## Data segment

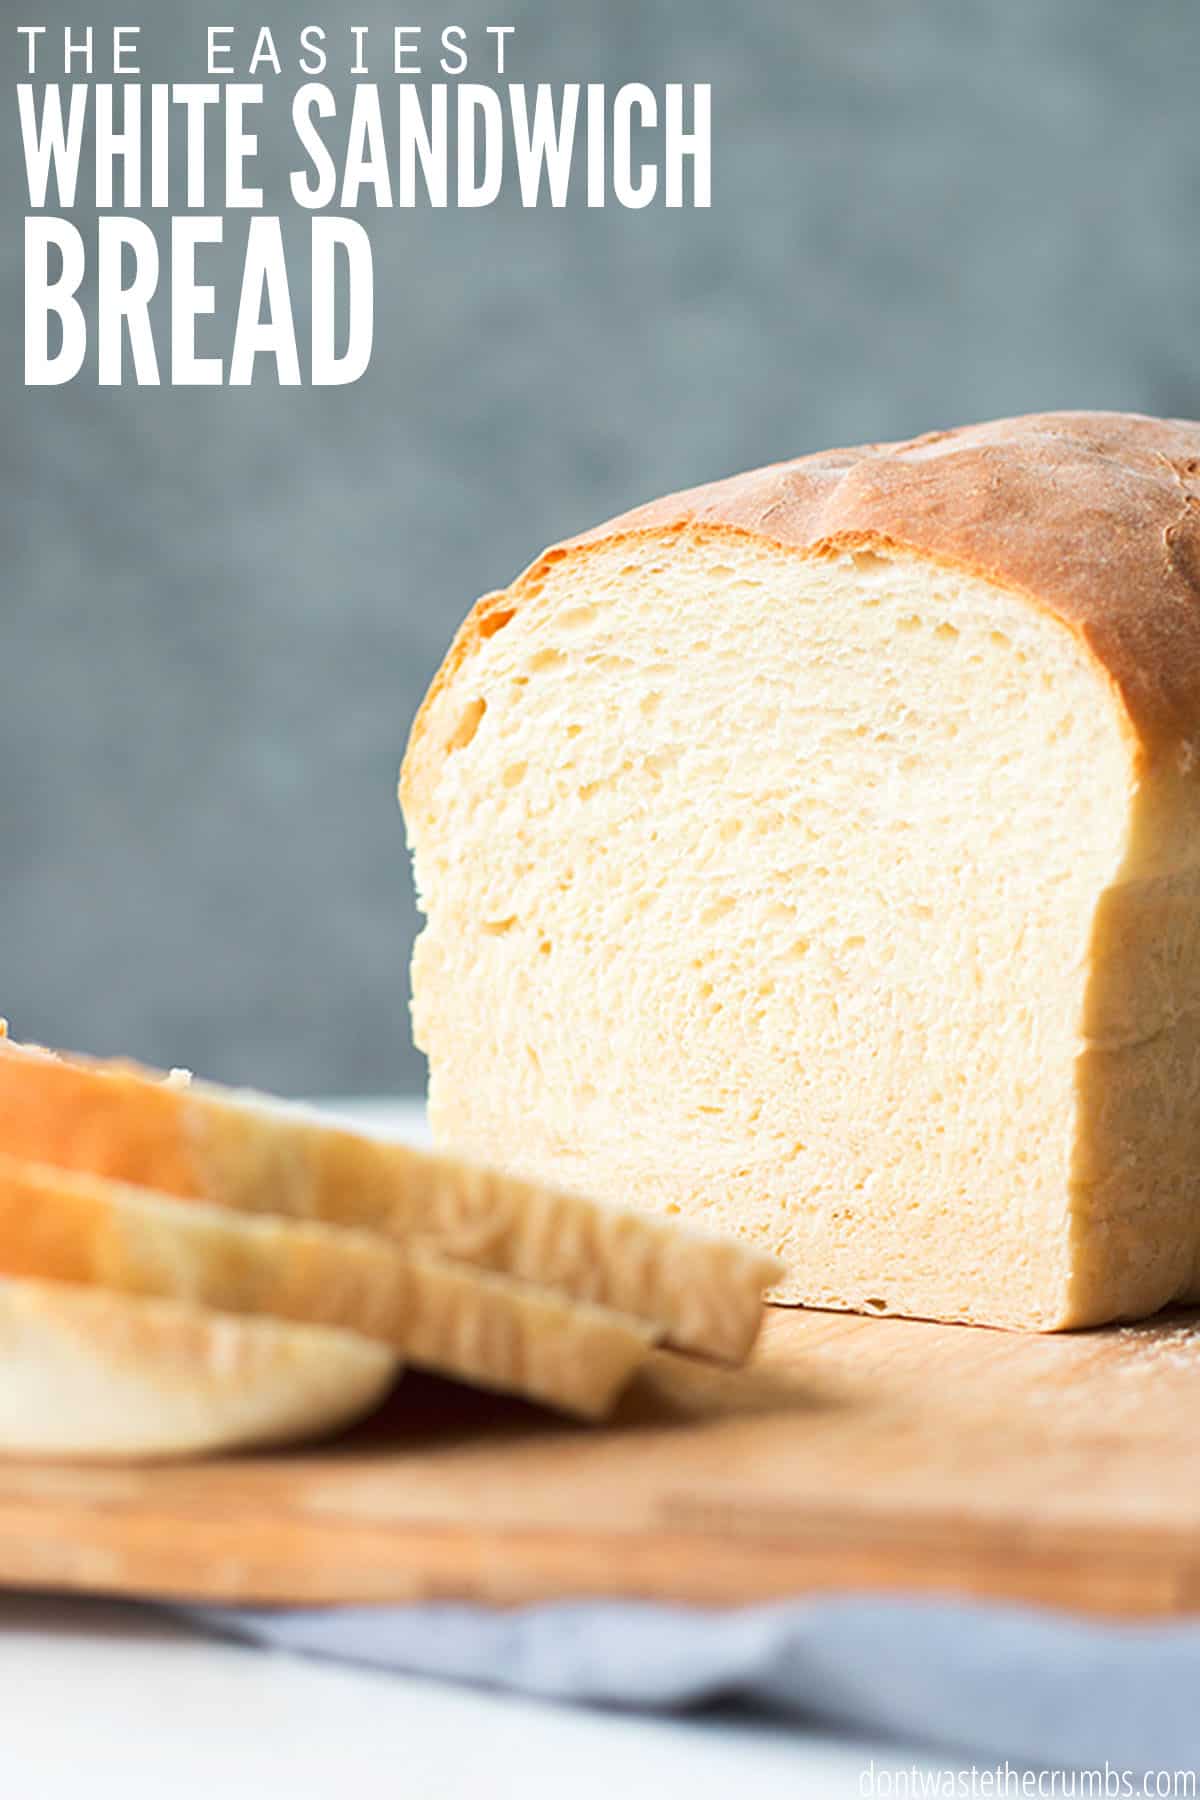 A sliced homemade white sandwich bread with the text overlay, "The Easiest White Sandwich Bread Recipe."
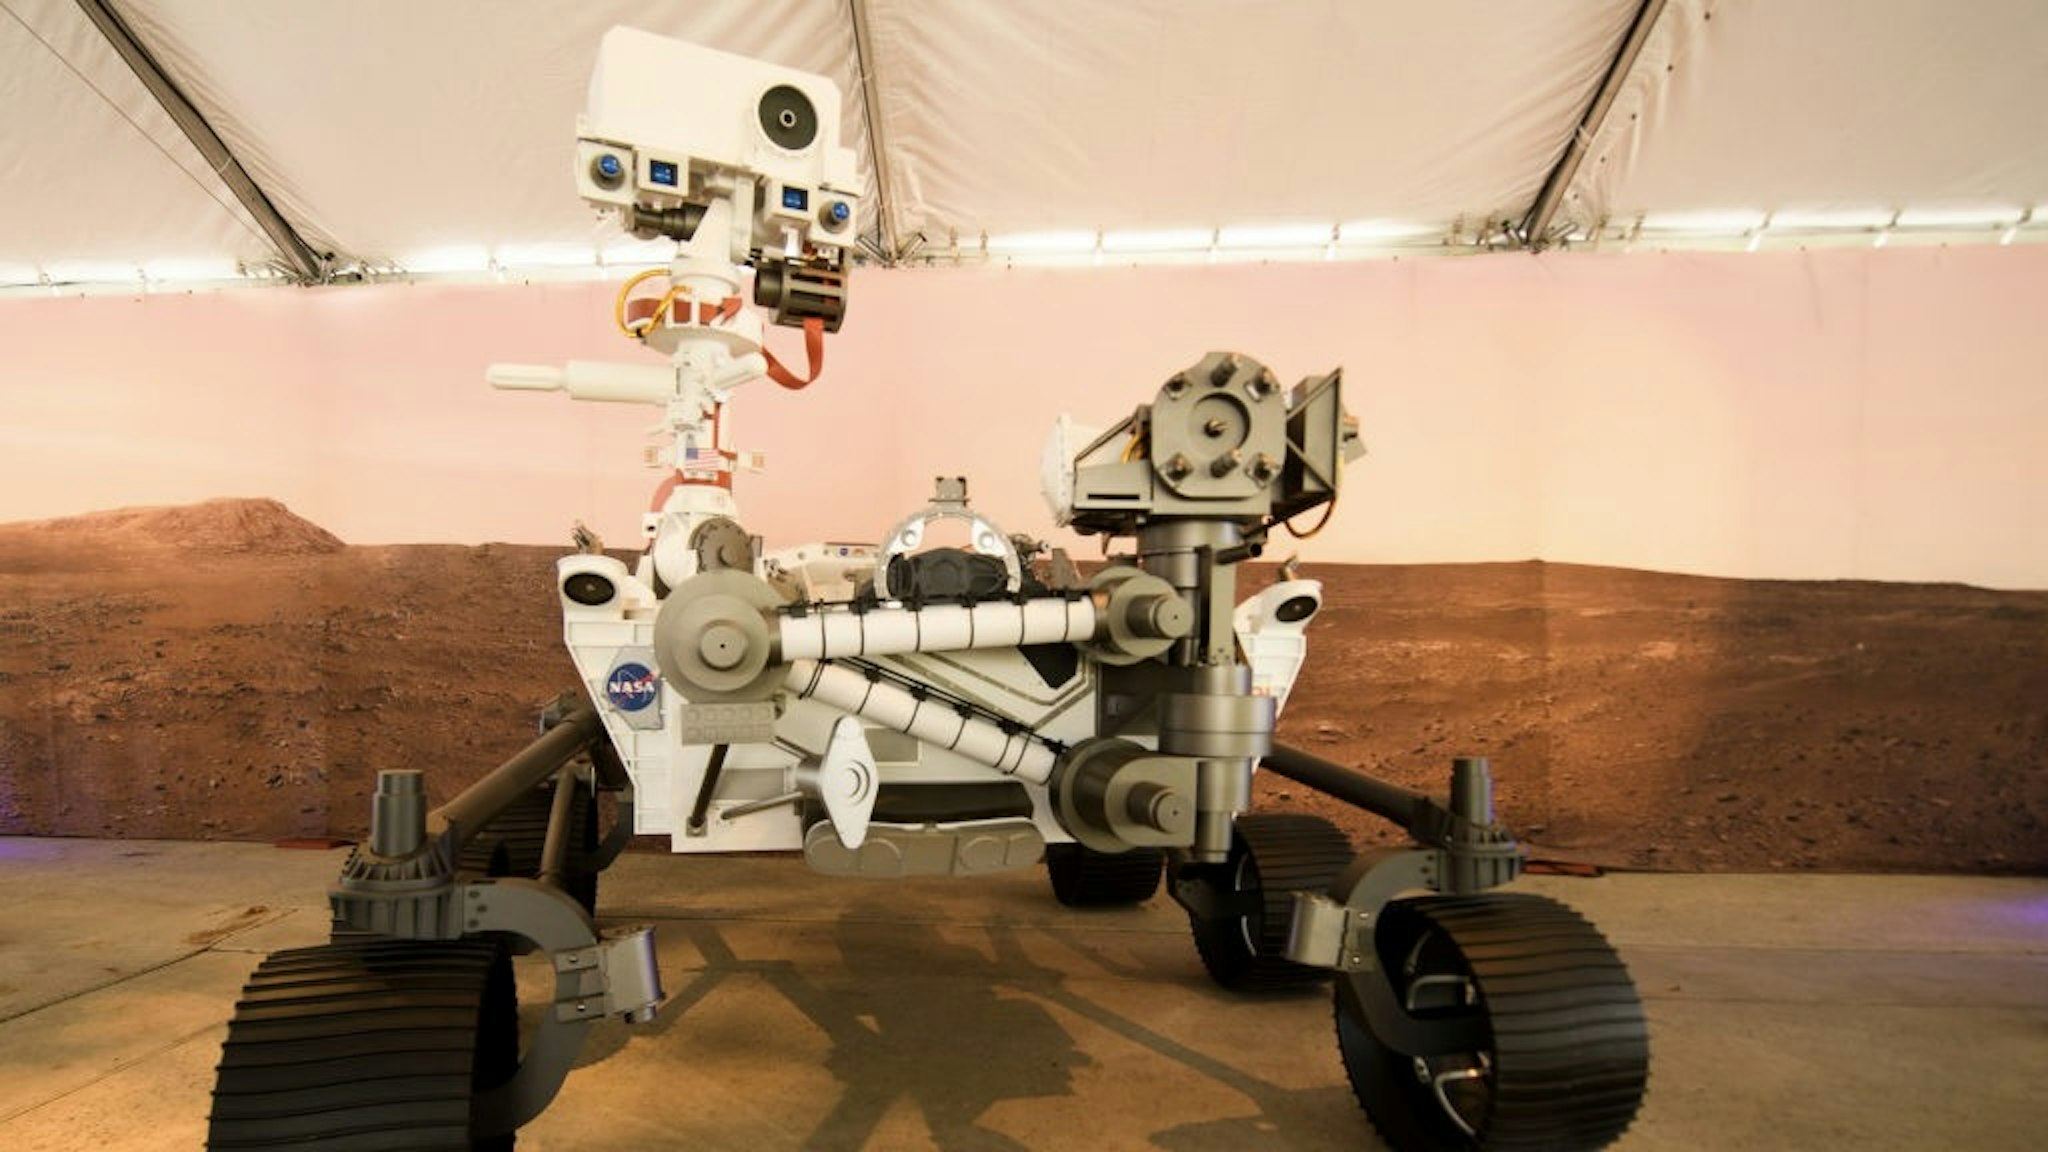 A full scale model of the Mars 2020 Perseverance rover is displayed at NASA's Jet Propulsion Laboratory (JPL) on February 16, 2021 in Pasadena, California. - The Mars exploration rover will search for signs of ancient microbial life and collect rock samples for future return to Earth to study the red planet's geology and climate, paving the way for human exploration. Perseverance also carries the experimental Ingenuity Mars Helicopter - which will attempt the first powered, controlled flight on another planet. (Photo by Patrick T. FALLON / AFP) (Photo by PATRICK T. FALLON/AFP via Getty Images)
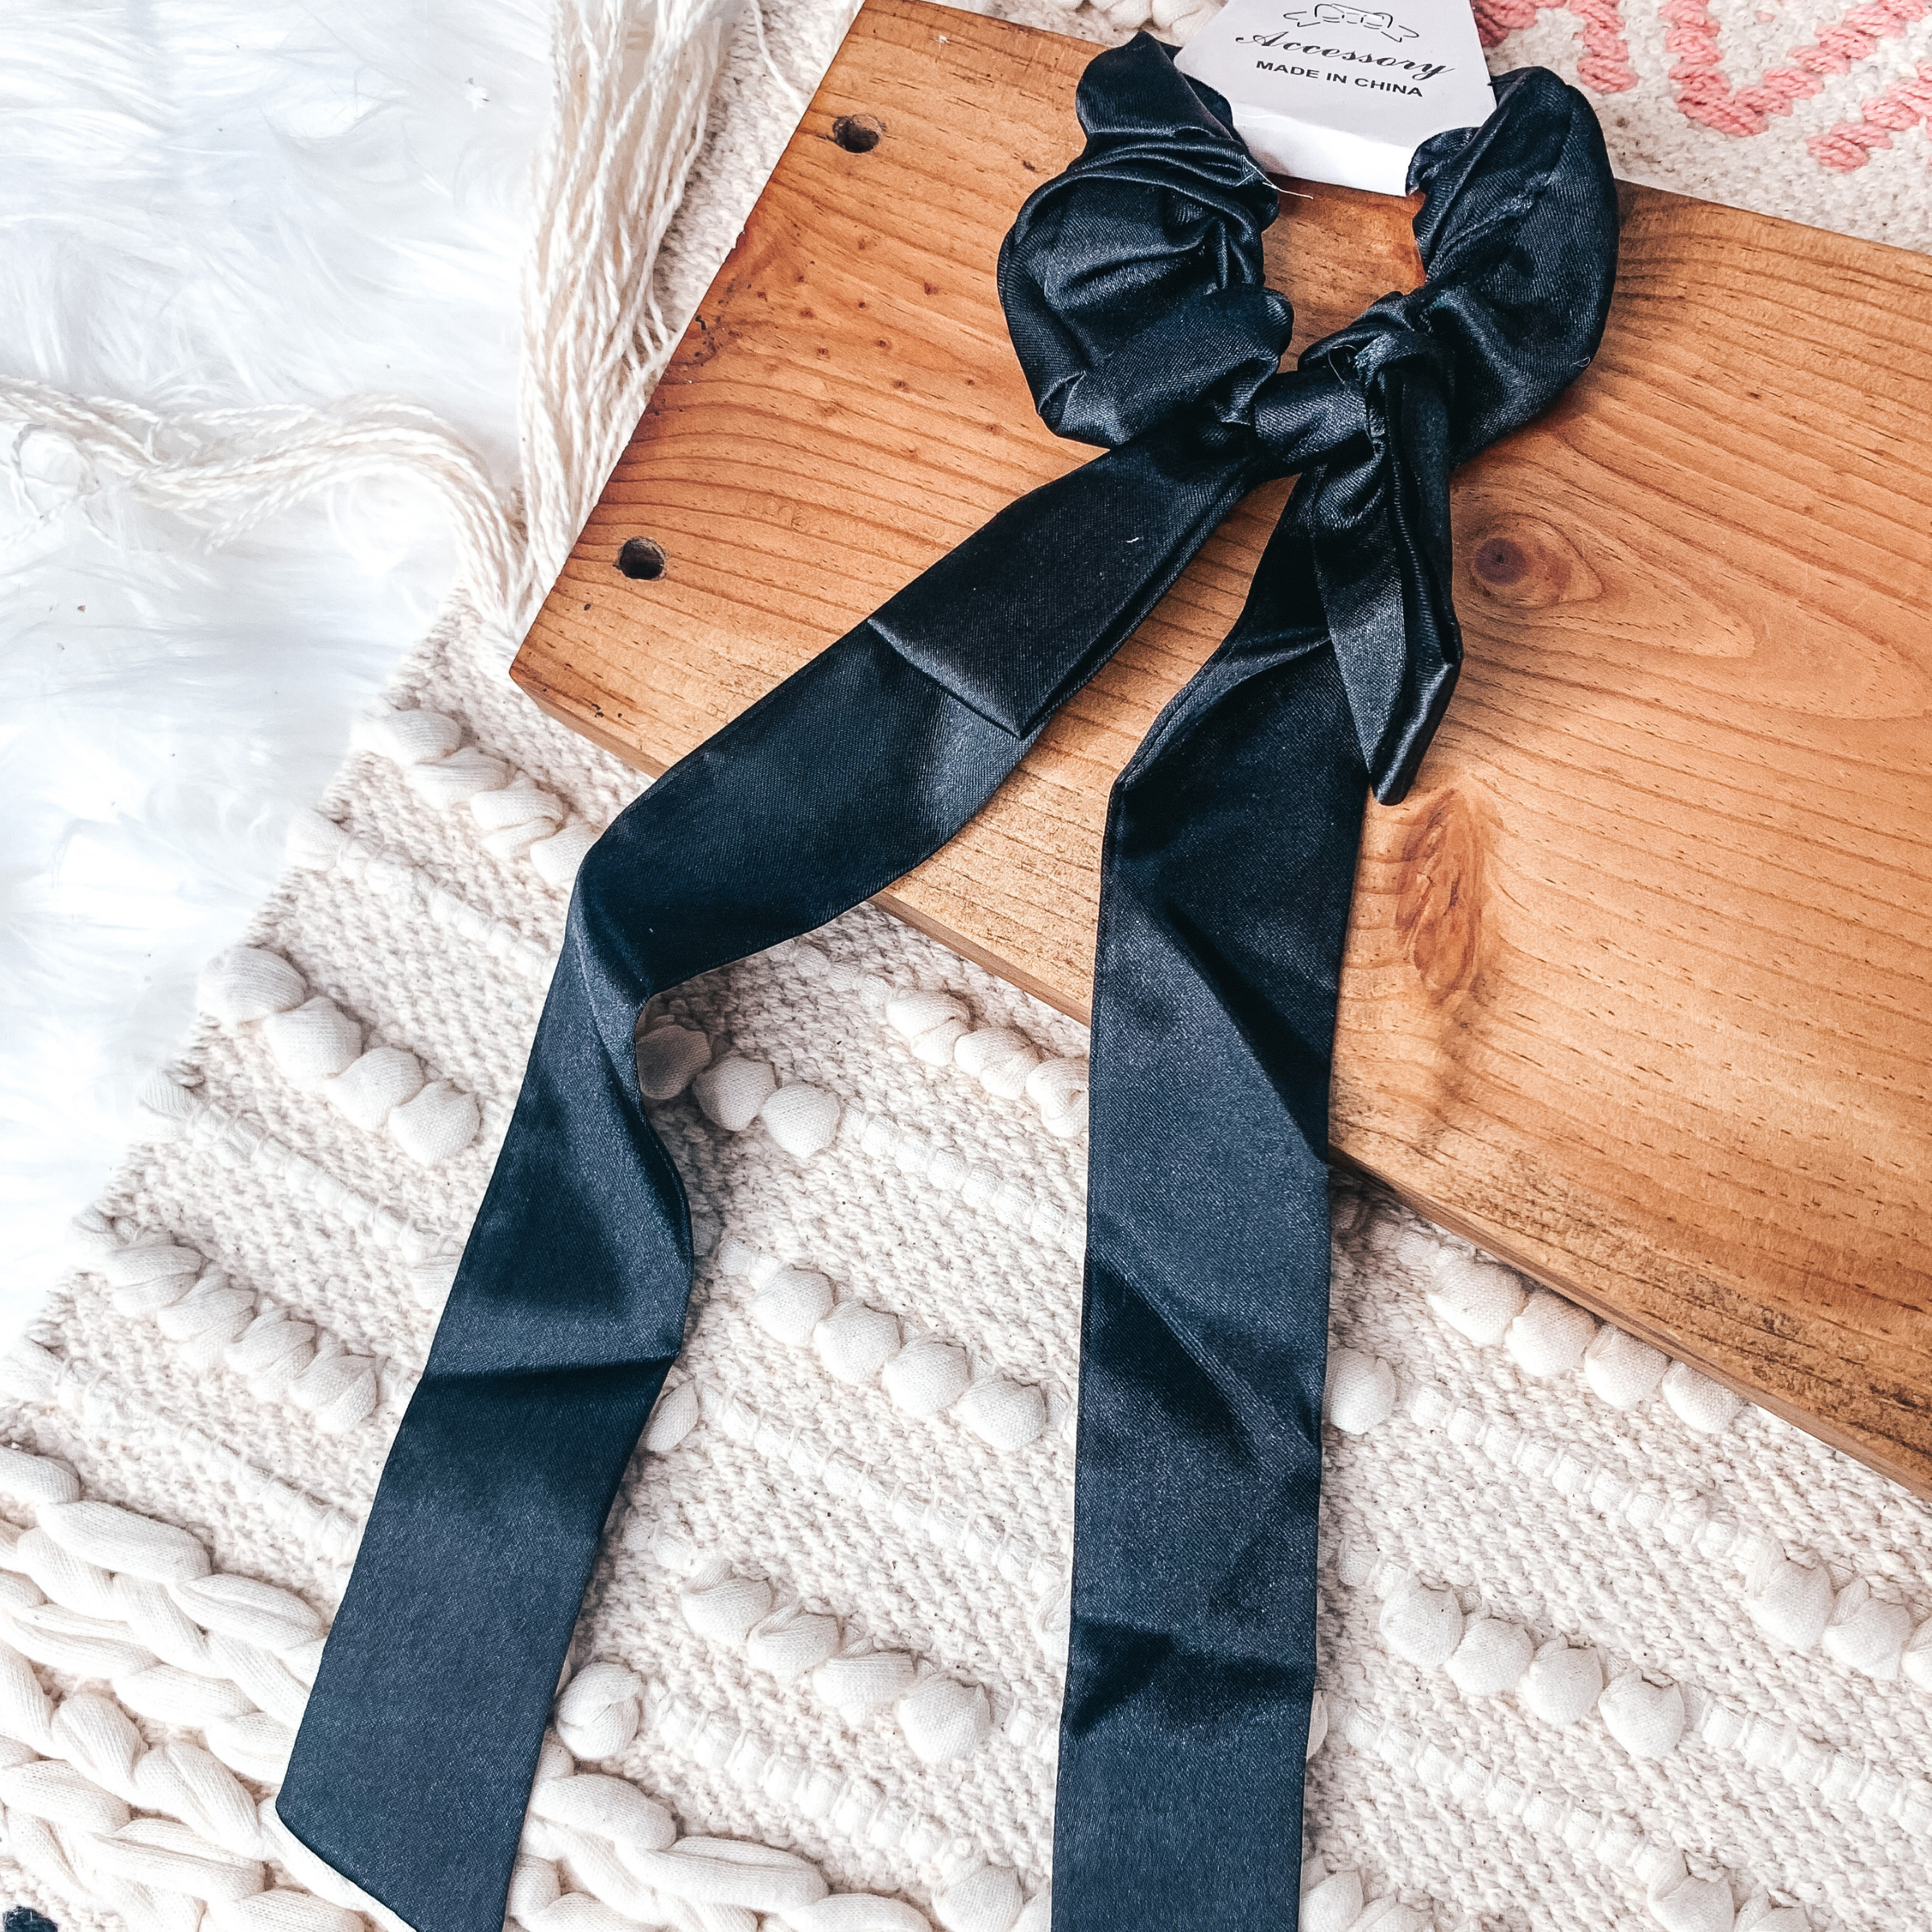 Buy 3 for $10 | Satin Ribbon Hair Scrunchie - Giddy Up Glamour Boutique

## Task to complete
Copy nothing but the lines from the first one in the listing through the line with "A full scale", and omit the pictures.

## Problem solution
 A sliced homemade white sandwich bread with the text overlay, "The Easiest White Sandwich Bread Recipe."
 A full scale model of the Mars 2020 Perseverance rover is displayed at NASA's Jet Propulsion Laboratory (JPL) on February 16, 2021 in Pasadena, California. - The Mars exploration rover will search for signs of ancient microbial life and collect rock samples for future return to Earth to study the red planet's geology and climate, paving the way for human exploration. Perseverance also carries the experimental Ingenuity Mars Helicopter - which will attempt the first powered, controlled flight on another planet. (Photo by Patrick T. FALLON / AFP) (Photo by PATRICK T. FALLON/AFP via Getty Images)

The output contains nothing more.